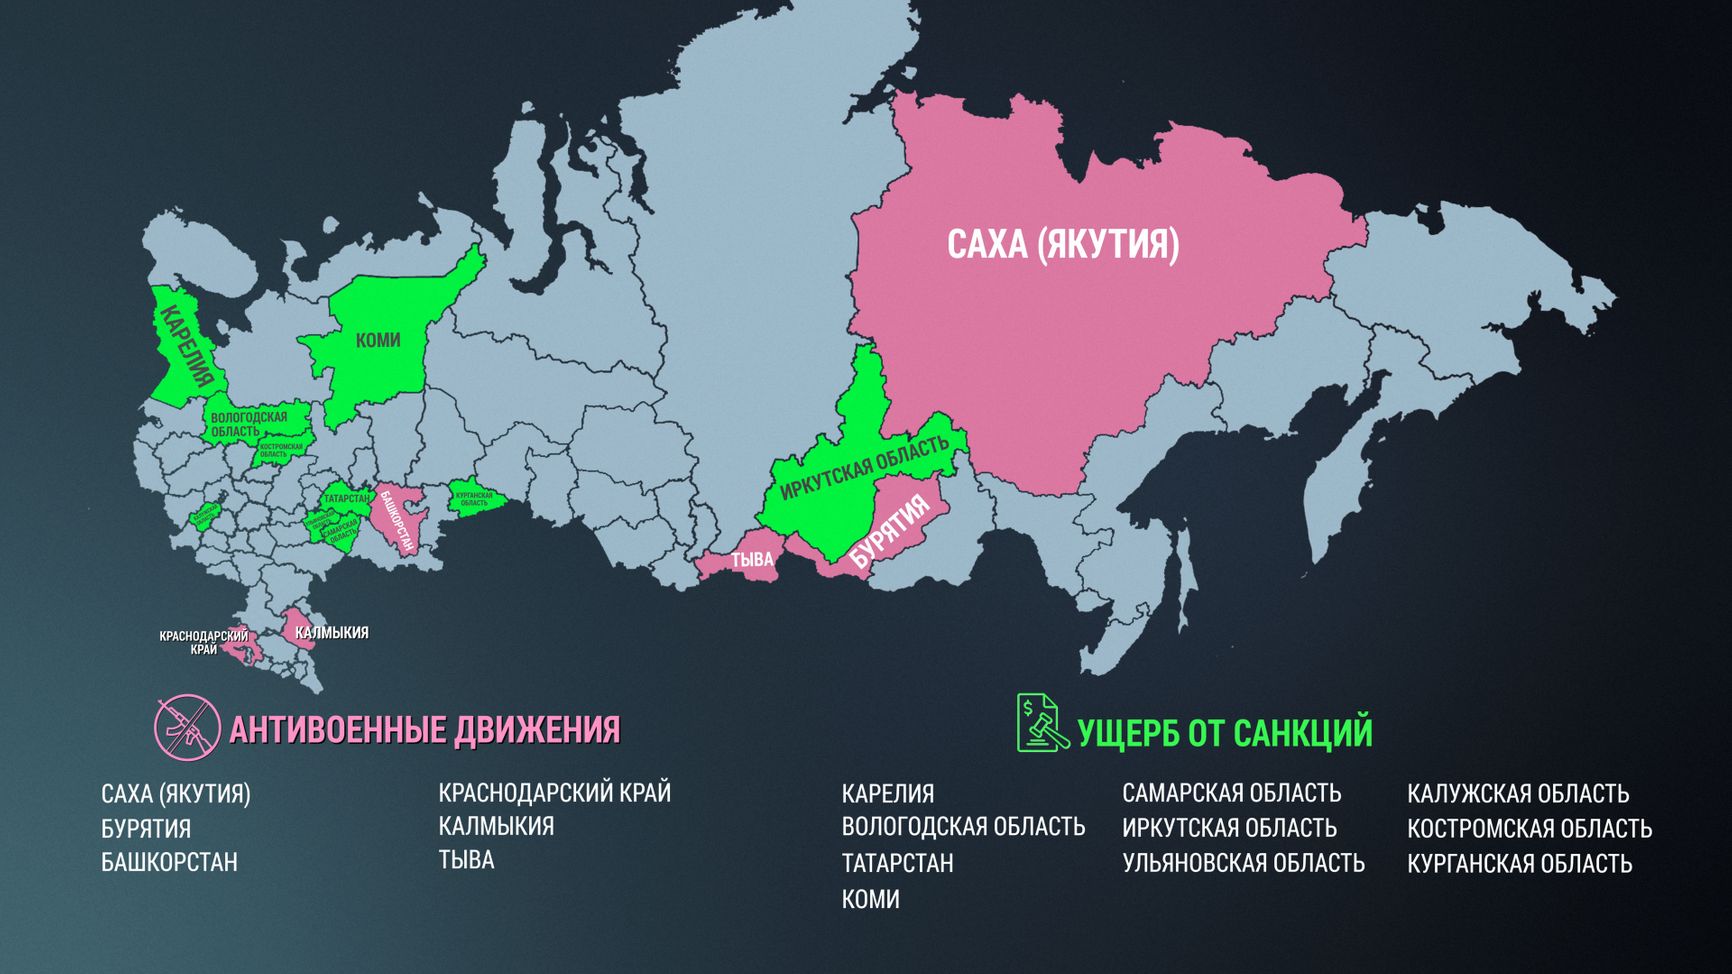 Russian regions that have antiwar movements (pink) and have suffered damage from international sanctions (green)
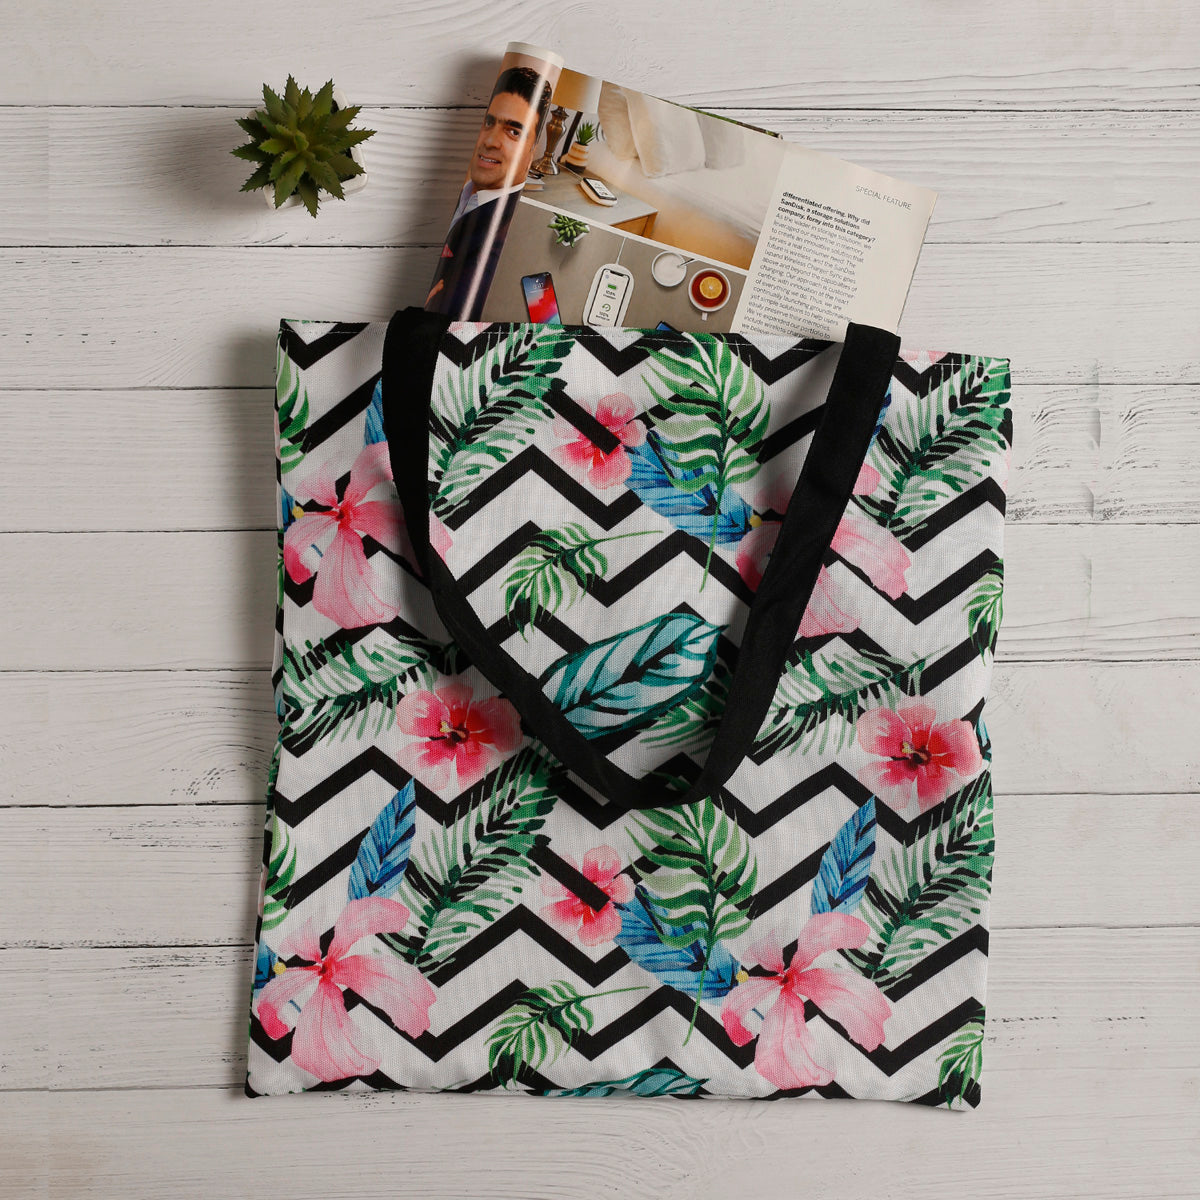 A stylish tote bag adorned with a tropical pattern and elegant black handles.
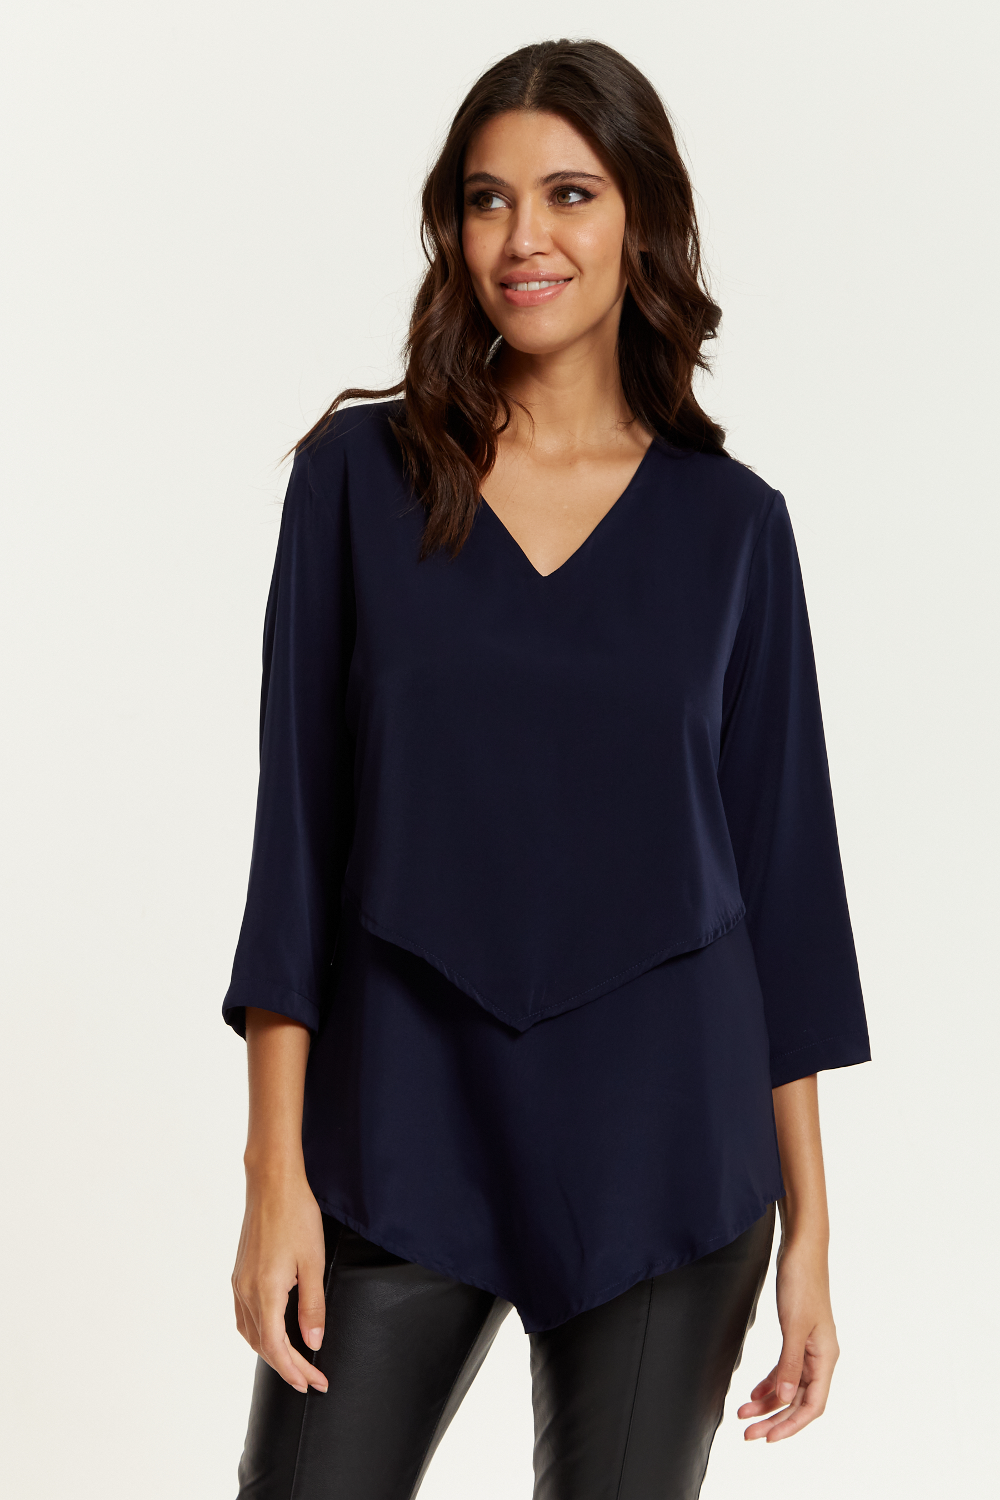 3/4 Sleeves V Neck Layered Relaxed Fit Top in Navy GLR FASHION NETWORKING

- DIRECTIONS FOR THIS TASK
Write out the data precisely as given, excluding the pictures.

- FINAL ANSWER
 Russian regions that have antiwar movements (pink) and have suffered damage from international sanctions (green)
 A stylish tote bag adorned with a tropical pattern and elegant black handles.
 3/4 Sleeves V Neck Layered Relaxed Fit Top in Navy GLR FASHION NETWORKING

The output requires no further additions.